(Beginning of Extracted records)
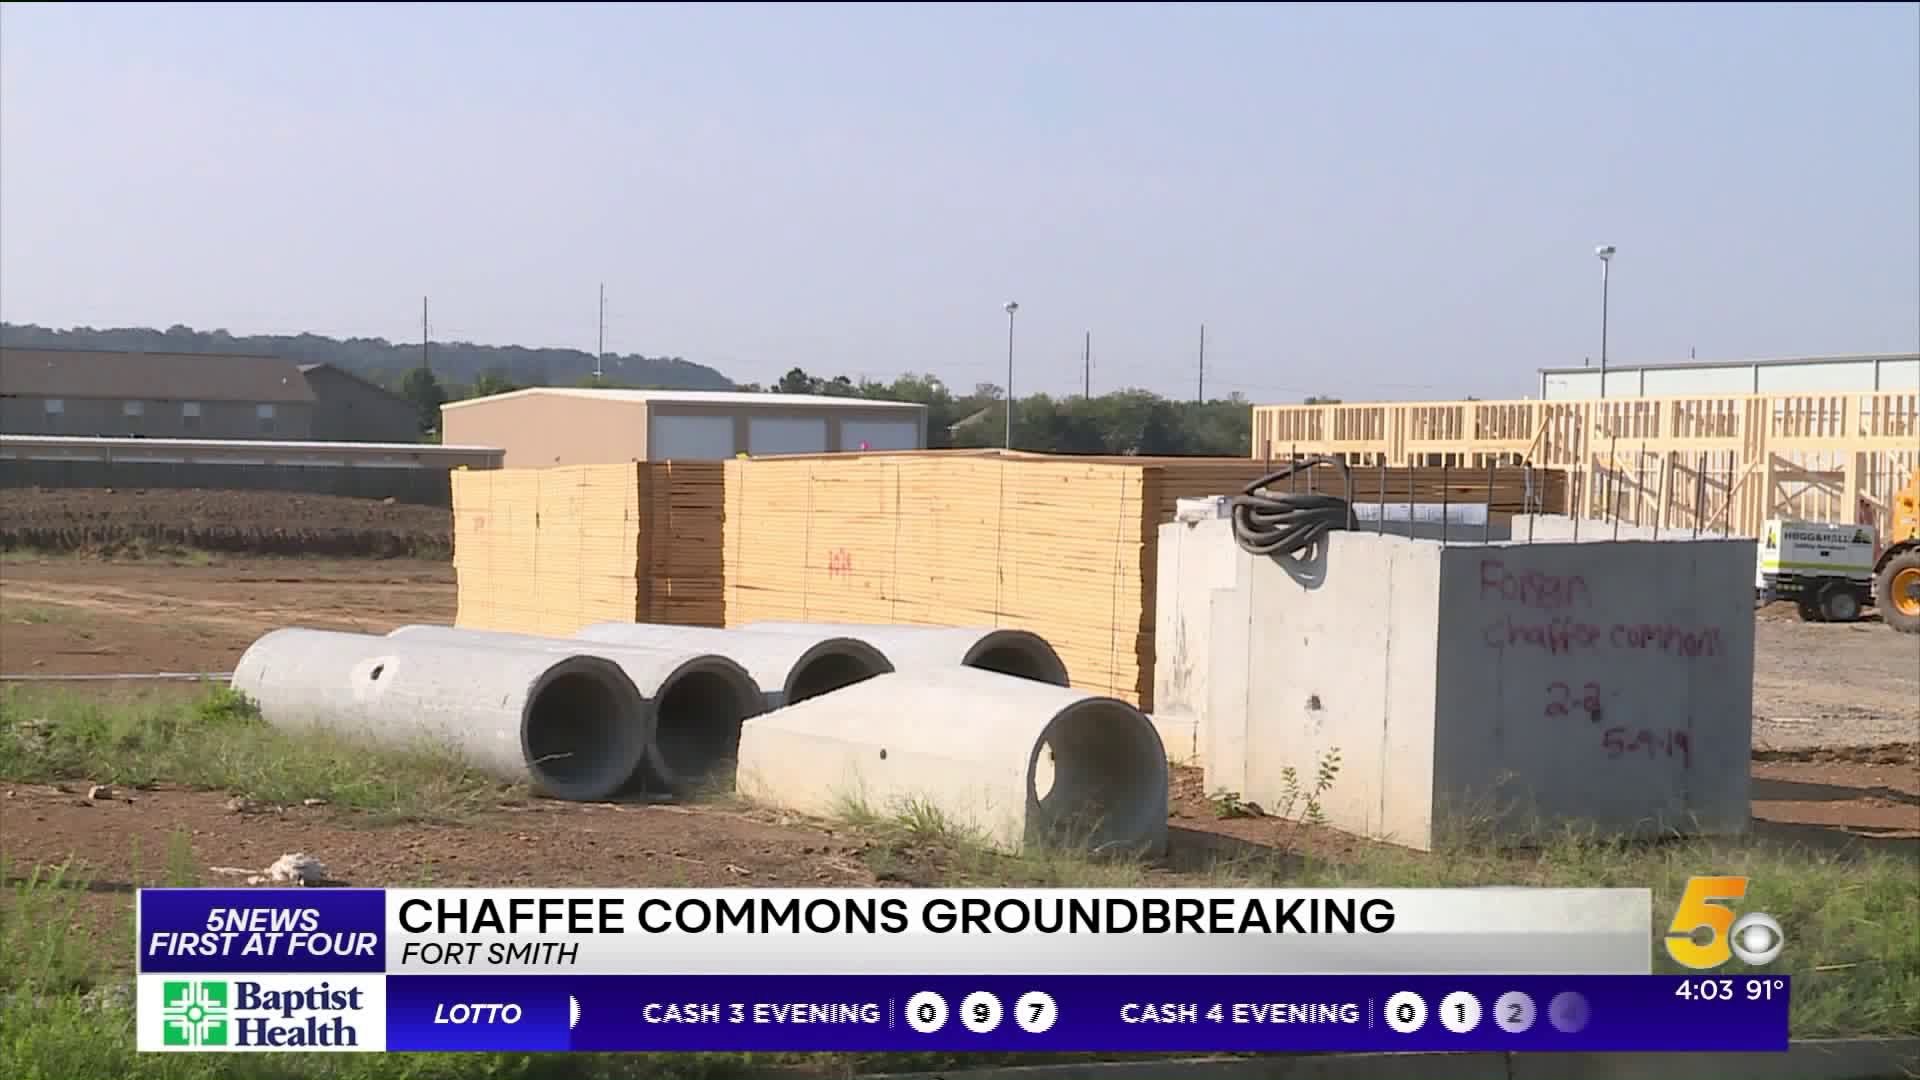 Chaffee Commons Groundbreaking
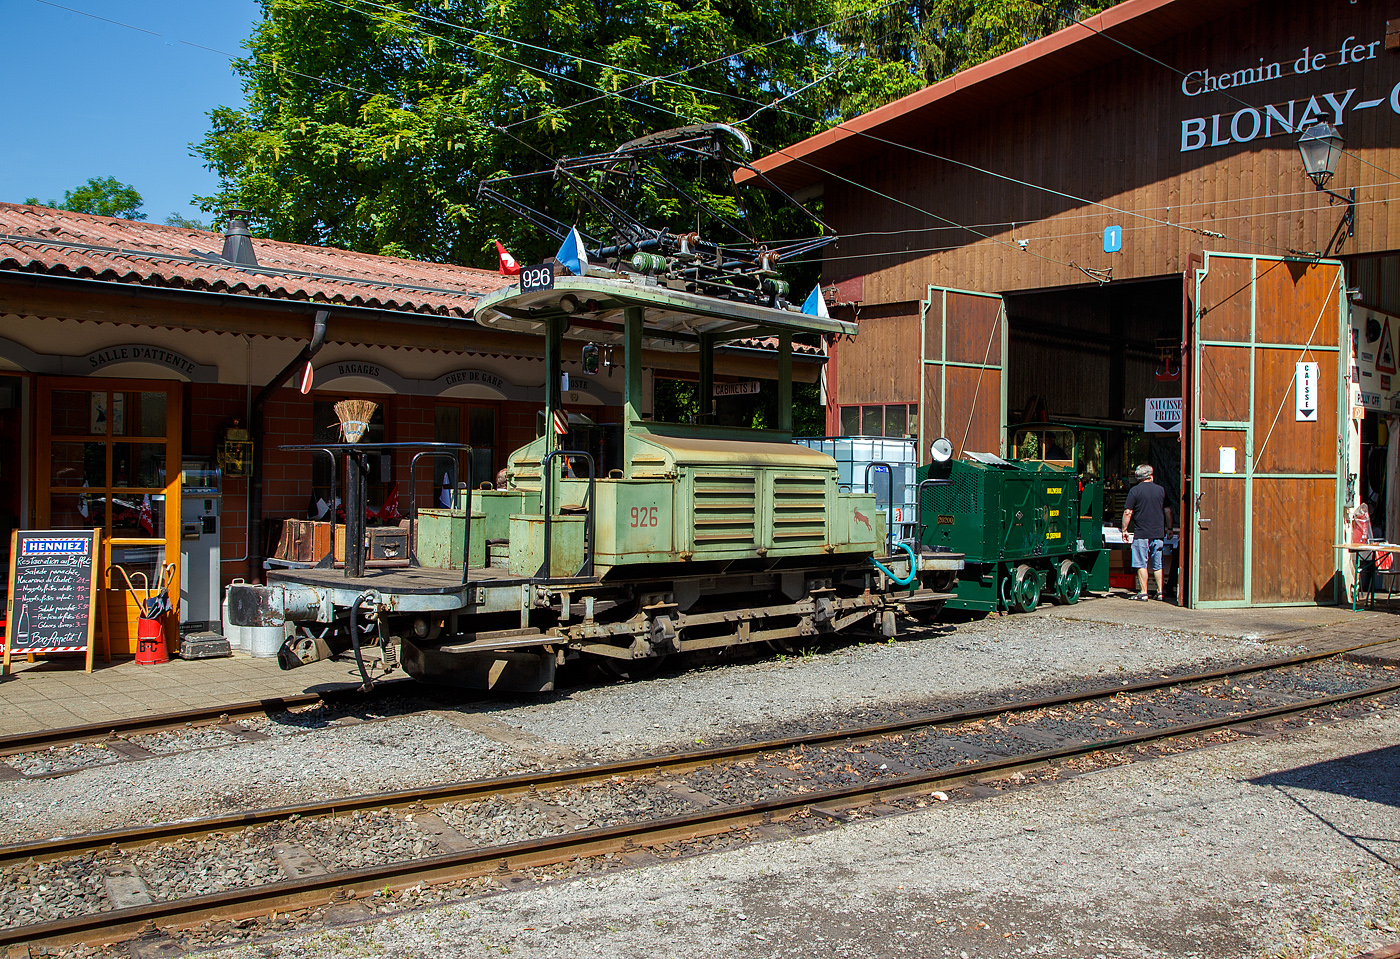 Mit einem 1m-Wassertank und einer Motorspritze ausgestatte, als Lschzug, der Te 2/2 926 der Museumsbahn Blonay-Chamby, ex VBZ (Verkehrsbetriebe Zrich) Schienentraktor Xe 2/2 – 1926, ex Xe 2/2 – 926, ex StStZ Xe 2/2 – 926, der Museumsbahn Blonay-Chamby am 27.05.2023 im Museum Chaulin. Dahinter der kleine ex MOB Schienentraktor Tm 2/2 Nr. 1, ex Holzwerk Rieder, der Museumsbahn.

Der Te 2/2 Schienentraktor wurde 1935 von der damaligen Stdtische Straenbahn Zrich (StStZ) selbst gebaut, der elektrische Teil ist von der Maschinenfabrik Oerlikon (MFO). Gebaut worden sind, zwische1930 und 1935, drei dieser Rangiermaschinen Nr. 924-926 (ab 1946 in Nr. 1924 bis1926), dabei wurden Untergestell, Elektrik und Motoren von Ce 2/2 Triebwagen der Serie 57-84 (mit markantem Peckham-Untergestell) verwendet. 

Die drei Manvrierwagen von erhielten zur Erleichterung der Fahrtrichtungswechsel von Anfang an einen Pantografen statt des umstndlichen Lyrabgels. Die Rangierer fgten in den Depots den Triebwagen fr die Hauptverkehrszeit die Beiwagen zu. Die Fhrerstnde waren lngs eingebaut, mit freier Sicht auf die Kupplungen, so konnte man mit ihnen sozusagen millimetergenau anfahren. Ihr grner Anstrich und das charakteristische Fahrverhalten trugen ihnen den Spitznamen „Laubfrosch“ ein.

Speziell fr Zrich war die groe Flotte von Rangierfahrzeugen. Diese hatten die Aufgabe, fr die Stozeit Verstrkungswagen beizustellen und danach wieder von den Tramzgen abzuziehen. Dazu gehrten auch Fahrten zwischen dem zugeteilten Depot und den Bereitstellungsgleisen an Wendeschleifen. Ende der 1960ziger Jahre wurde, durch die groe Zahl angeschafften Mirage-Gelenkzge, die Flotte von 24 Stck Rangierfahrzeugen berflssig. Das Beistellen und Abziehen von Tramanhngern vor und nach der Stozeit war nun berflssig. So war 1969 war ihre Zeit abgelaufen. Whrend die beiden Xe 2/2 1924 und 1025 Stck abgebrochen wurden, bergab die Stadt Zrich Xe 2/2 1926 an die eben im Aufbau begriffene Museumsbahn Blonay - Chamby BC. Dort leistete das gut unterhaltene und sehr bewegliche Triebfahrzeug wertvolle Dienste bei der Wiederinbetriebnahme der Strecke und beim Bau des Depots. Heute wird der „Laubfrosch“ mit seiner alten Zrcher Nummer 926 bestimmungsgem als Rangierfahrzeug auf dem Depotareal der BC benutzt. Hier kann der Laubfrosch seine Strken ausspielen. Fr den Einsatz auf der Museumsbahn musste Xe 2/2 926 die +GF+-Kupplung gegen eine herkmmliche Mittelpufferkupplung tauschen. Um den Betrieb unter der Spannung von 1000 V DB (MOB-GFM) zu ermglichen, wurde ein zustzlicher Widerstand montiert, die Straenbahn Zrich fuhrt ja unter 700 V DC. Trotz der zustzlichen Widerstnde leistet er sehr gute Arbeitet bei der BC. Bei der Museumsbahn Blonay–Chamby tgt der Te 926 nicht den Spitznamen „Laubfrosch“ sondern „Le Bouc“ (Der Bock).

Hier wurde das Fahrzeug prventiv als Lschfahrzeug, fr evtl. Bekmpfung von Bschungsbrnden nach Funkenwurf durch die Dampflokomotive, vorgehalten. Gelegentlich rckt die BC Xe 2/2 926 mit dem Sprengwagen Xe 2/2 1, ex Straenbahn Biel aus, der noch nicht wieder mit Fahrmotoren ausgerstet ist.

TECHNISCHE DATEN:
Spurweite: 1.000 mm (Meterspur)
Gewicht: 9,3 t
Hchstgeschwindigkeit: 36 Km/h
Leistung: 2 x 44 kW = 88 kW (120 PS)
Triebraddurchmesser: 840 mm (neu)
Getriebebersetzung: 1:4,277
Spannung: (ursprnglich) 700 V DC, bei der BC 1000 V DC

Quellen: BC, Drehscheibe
(End of Extracted records)
▶ _Your instructions_
Return exactly the lines from the one containing "Spurweite: 1.000 mm (Meterspur)" through the last line of the records above, both included, and nothing else.

▶ _Your solution_
Spurweite: 1.000 mm (Meterspur)
Gewicht: 9,3 t
Hchstgeschwindigkeit: 36 Km/h
Leistung: 2 x 44 kW = 88 kW (120 PS)
Triebraddurchmesser: 840 mm (neu)
Getriebebersetzung: 1:4,277
Spannung: (ursprnglich) 700 V DC, bei der BC 1000 V DC

Quellen: BC, Drehscheibe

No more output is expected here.